# Work order
Copy every entry verbatim and skip the pictures.
────────────────────────────────────────
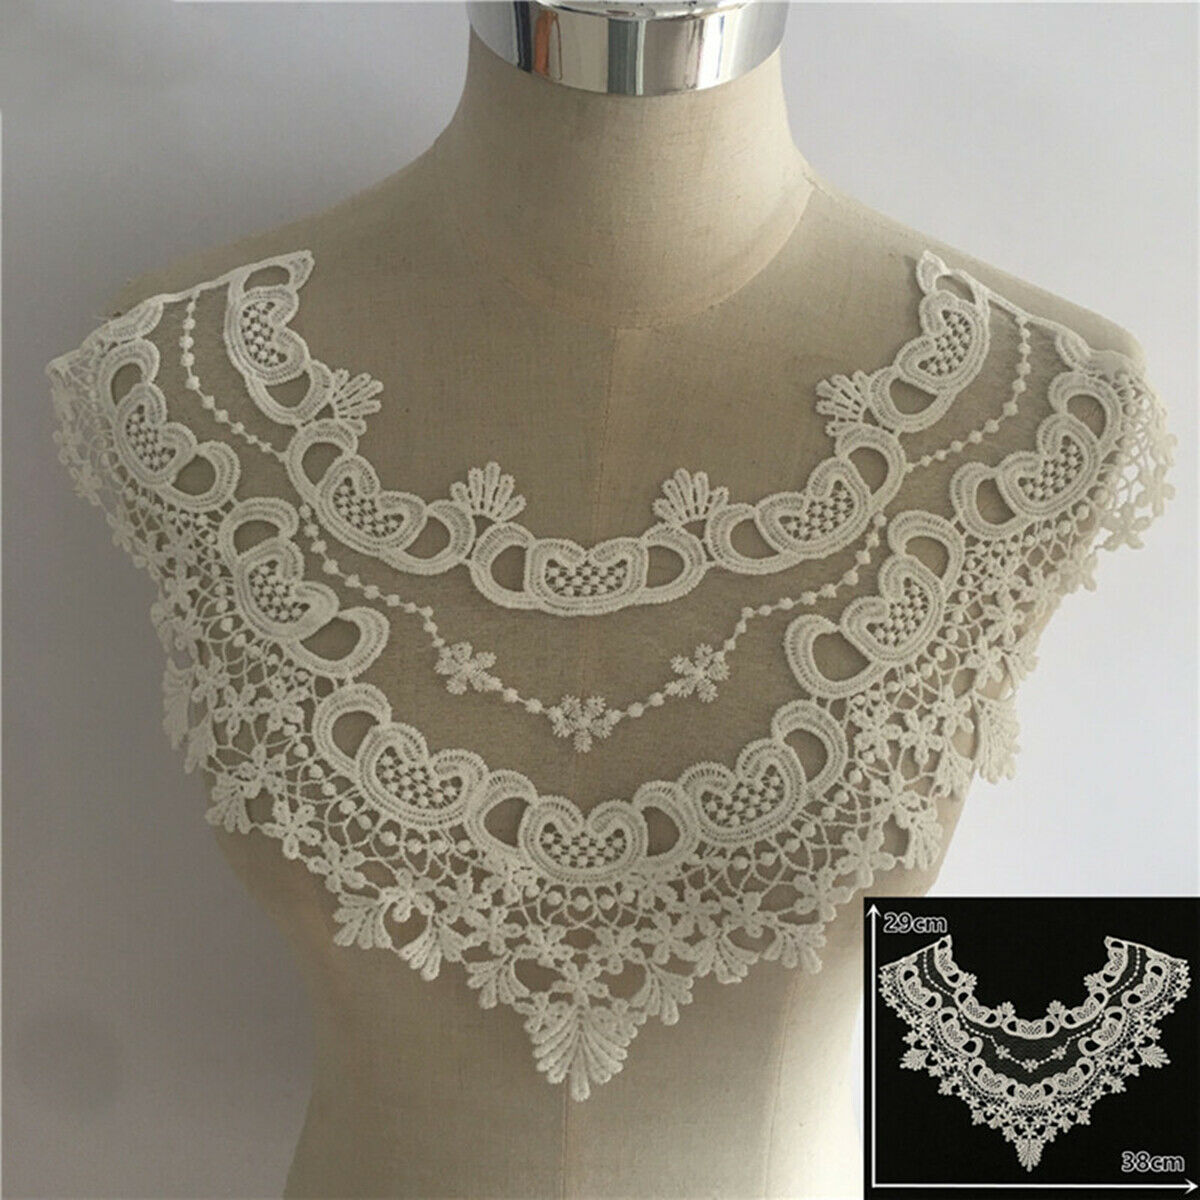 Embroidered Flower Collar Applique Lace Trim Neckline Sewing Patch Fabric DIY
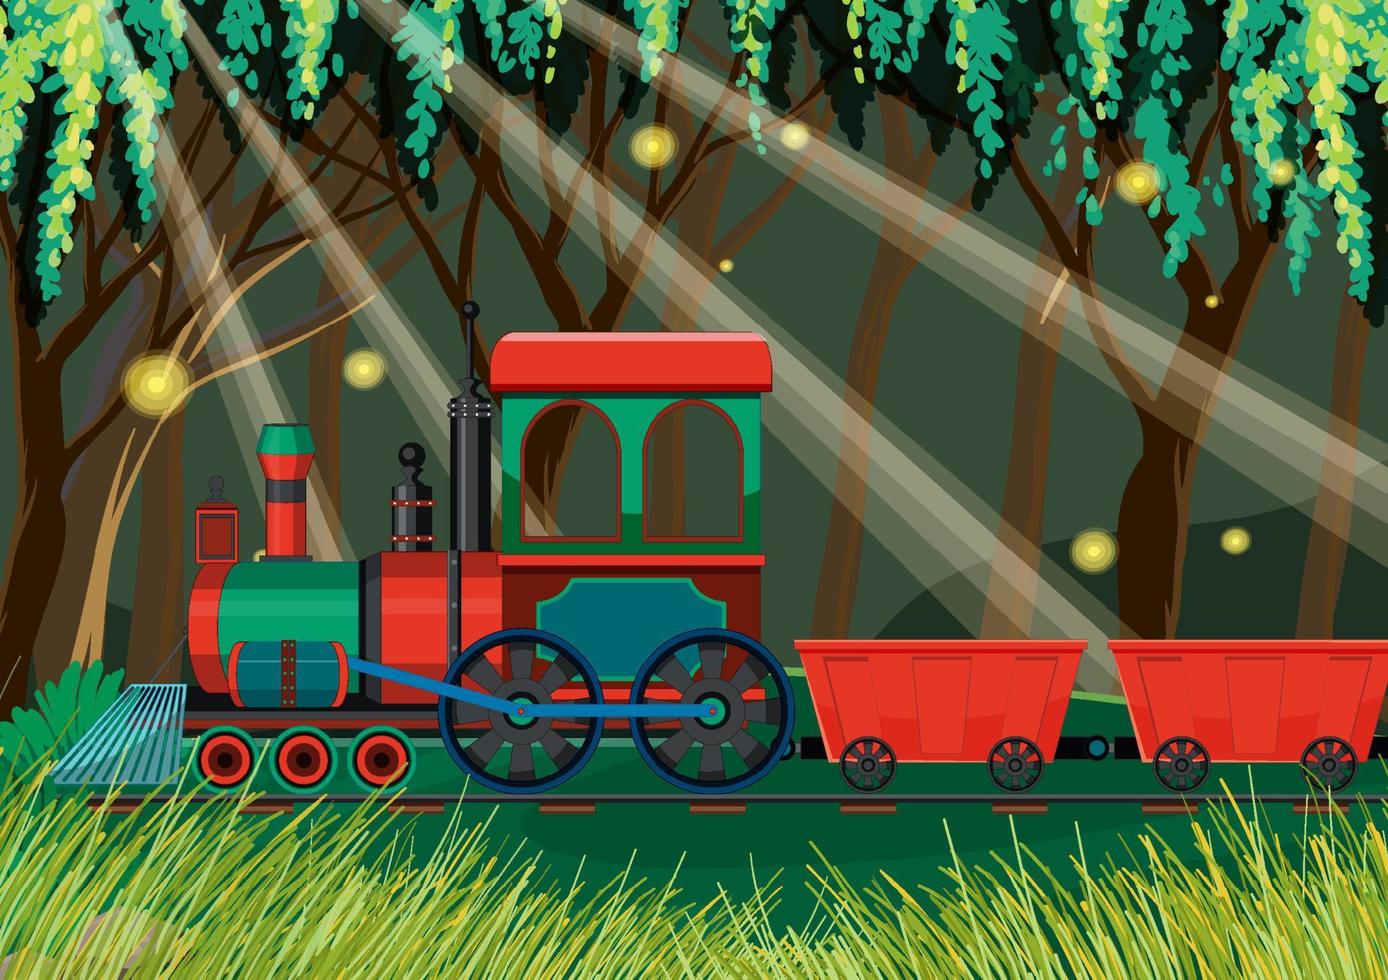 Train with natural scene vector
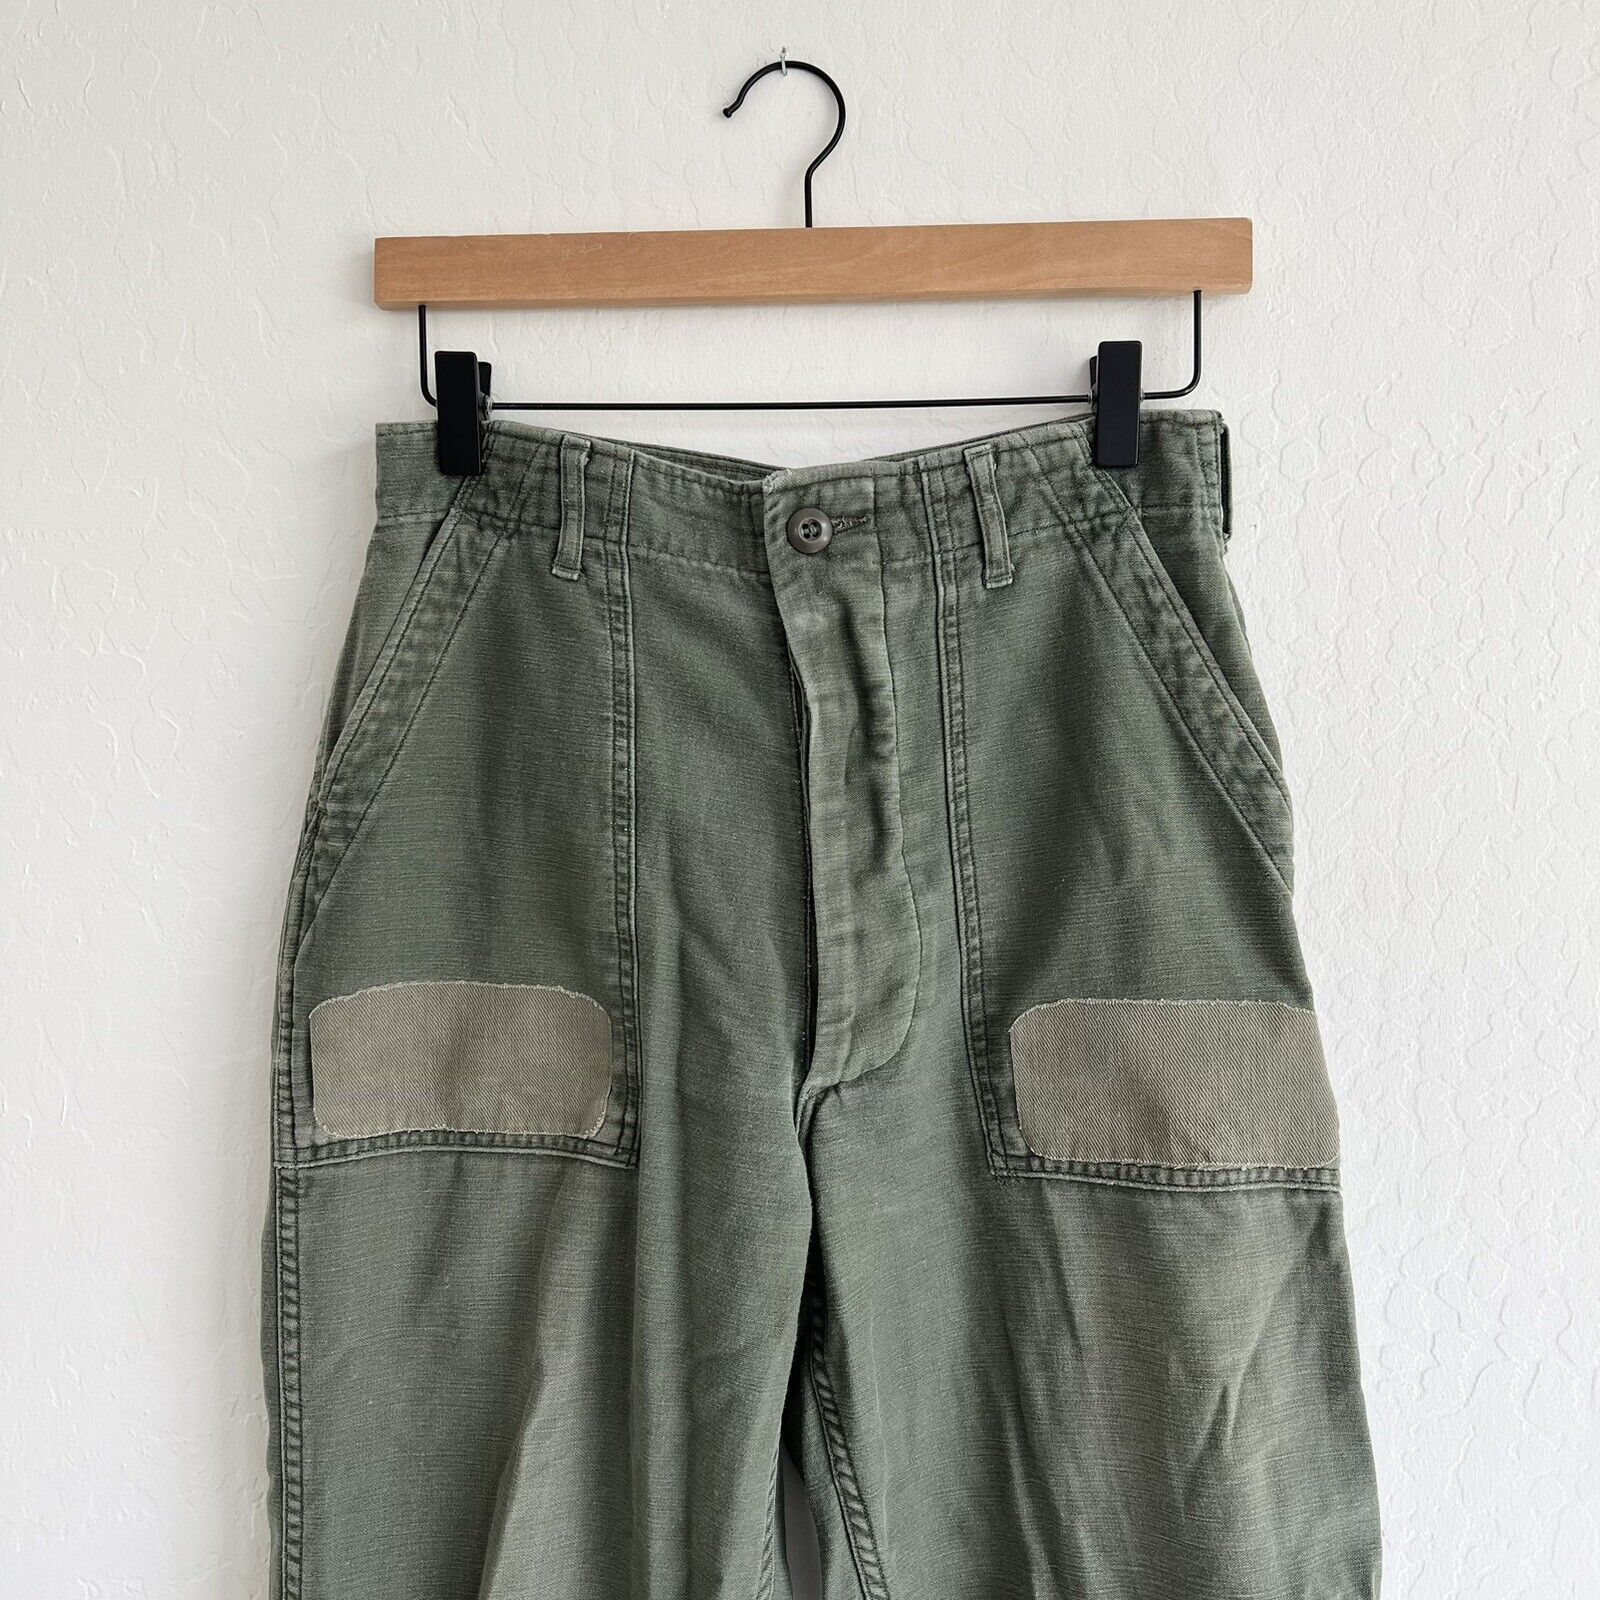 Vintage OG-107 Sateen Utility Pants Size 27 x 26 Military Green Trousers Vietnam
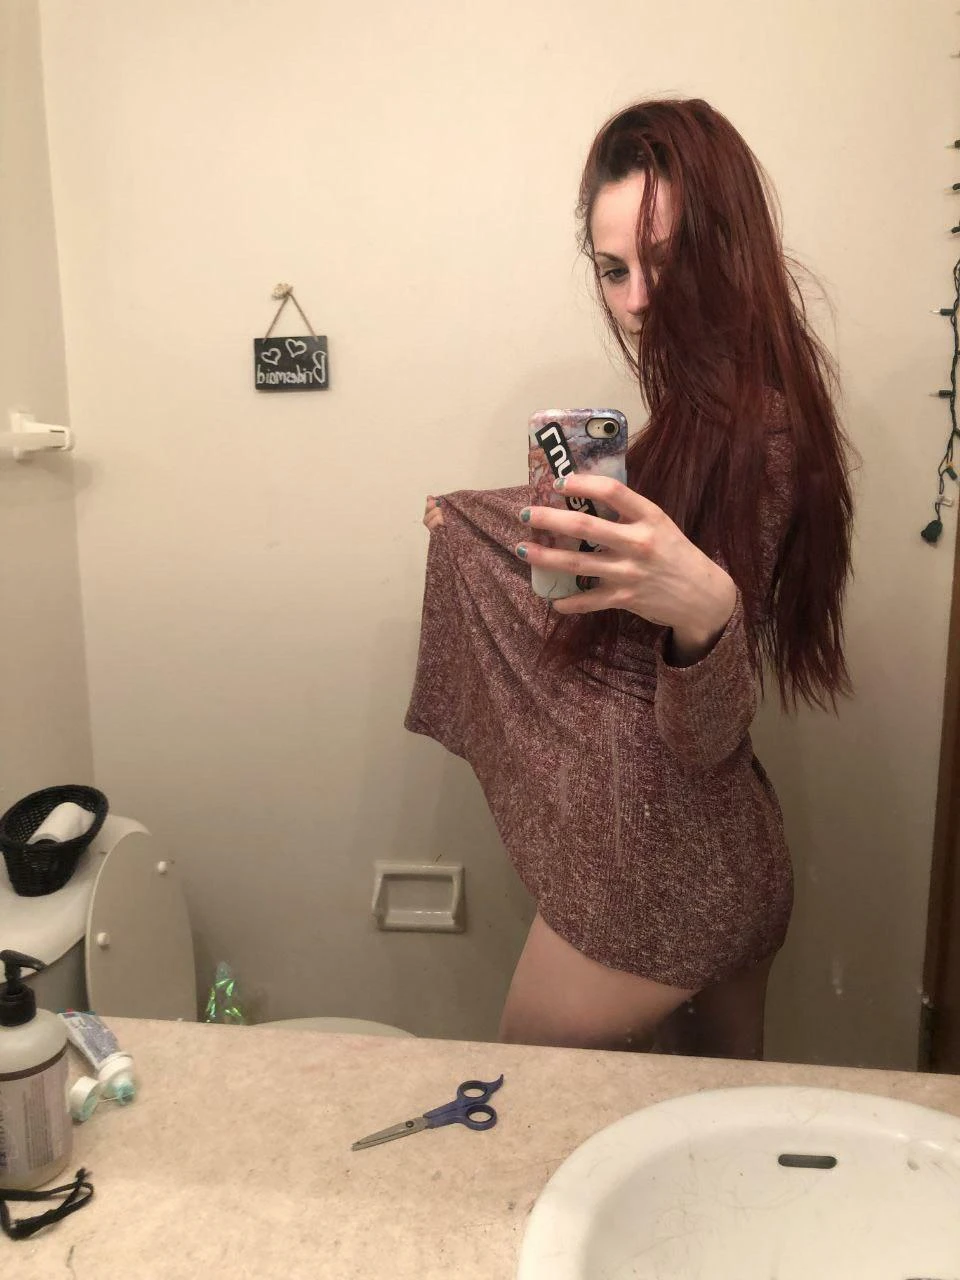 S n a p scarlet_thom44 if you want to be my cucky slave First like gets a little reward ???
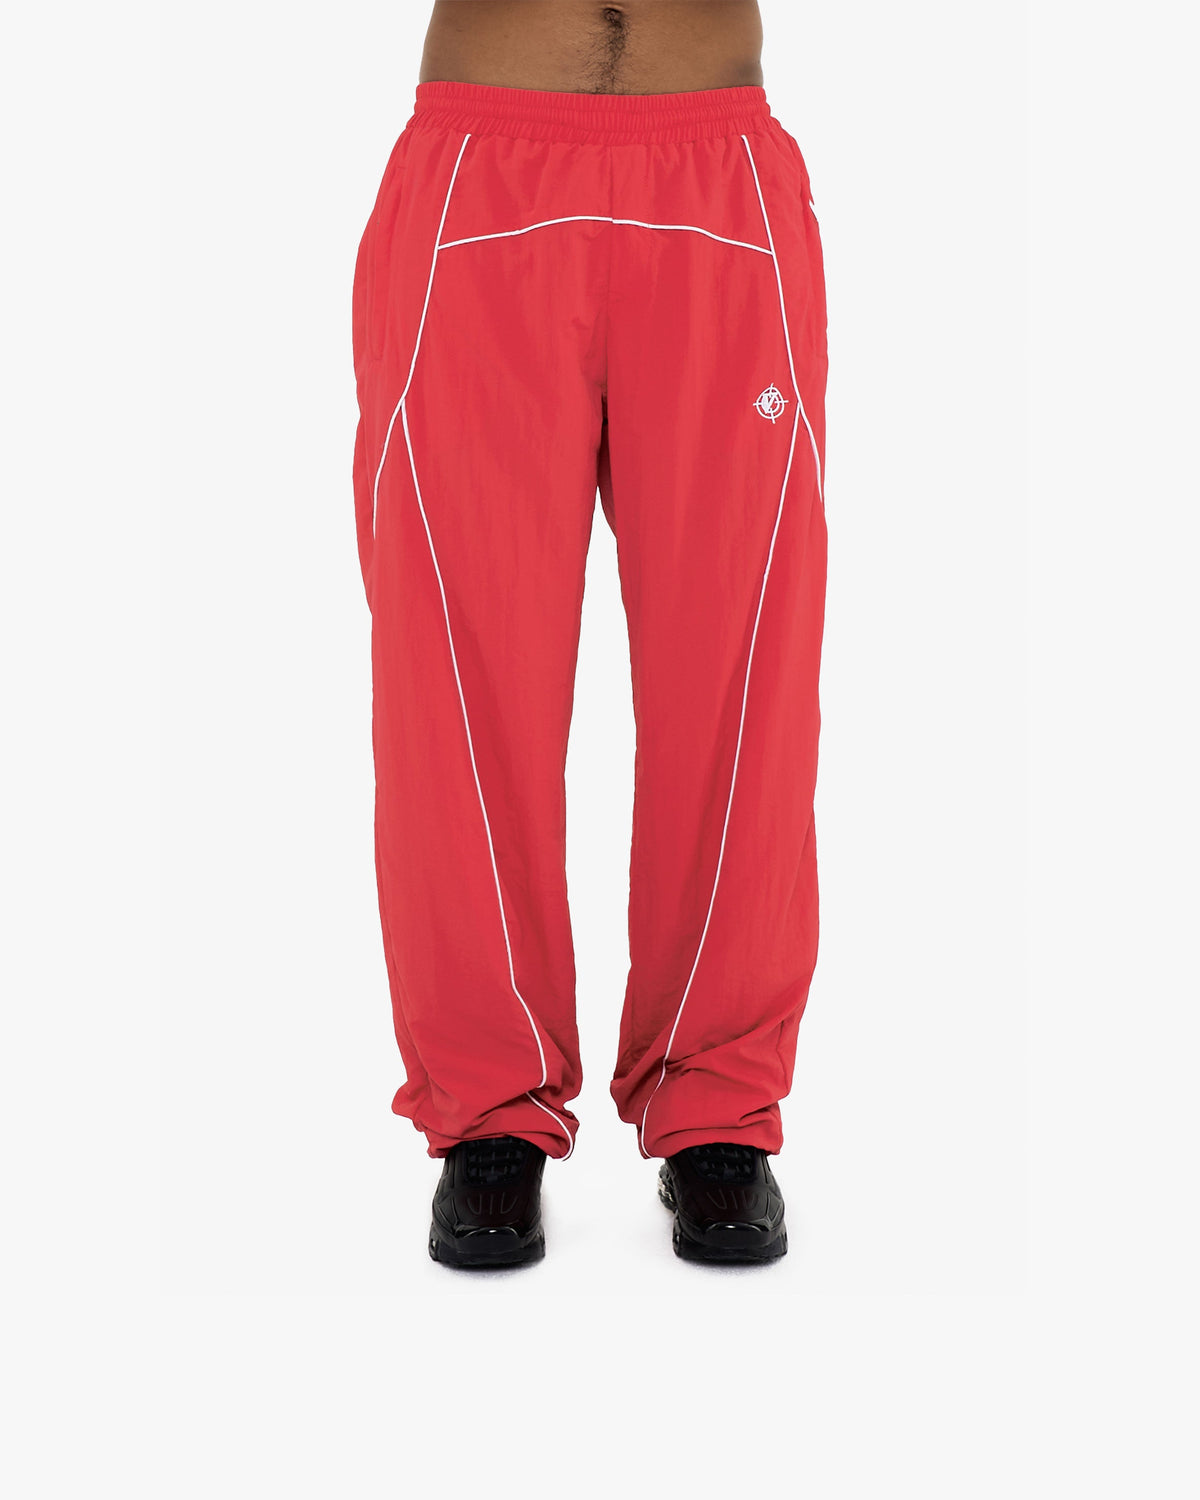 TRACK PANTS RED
────────────────────────────────────────
# Reply to the exercise
 Embroidered Flower Collar Applique Lace Trim Neckline Sewing Patch Fabric DIY
 Train with natural scene vector
 Vintage OG-107 Sateen Utility Pants Size 27 x 26 Military Green Trousers Vietnam
 S n a p scarlet_thom44 if you want to be my cucky slave First like gets a little reward ???
 TRACK PANTS RED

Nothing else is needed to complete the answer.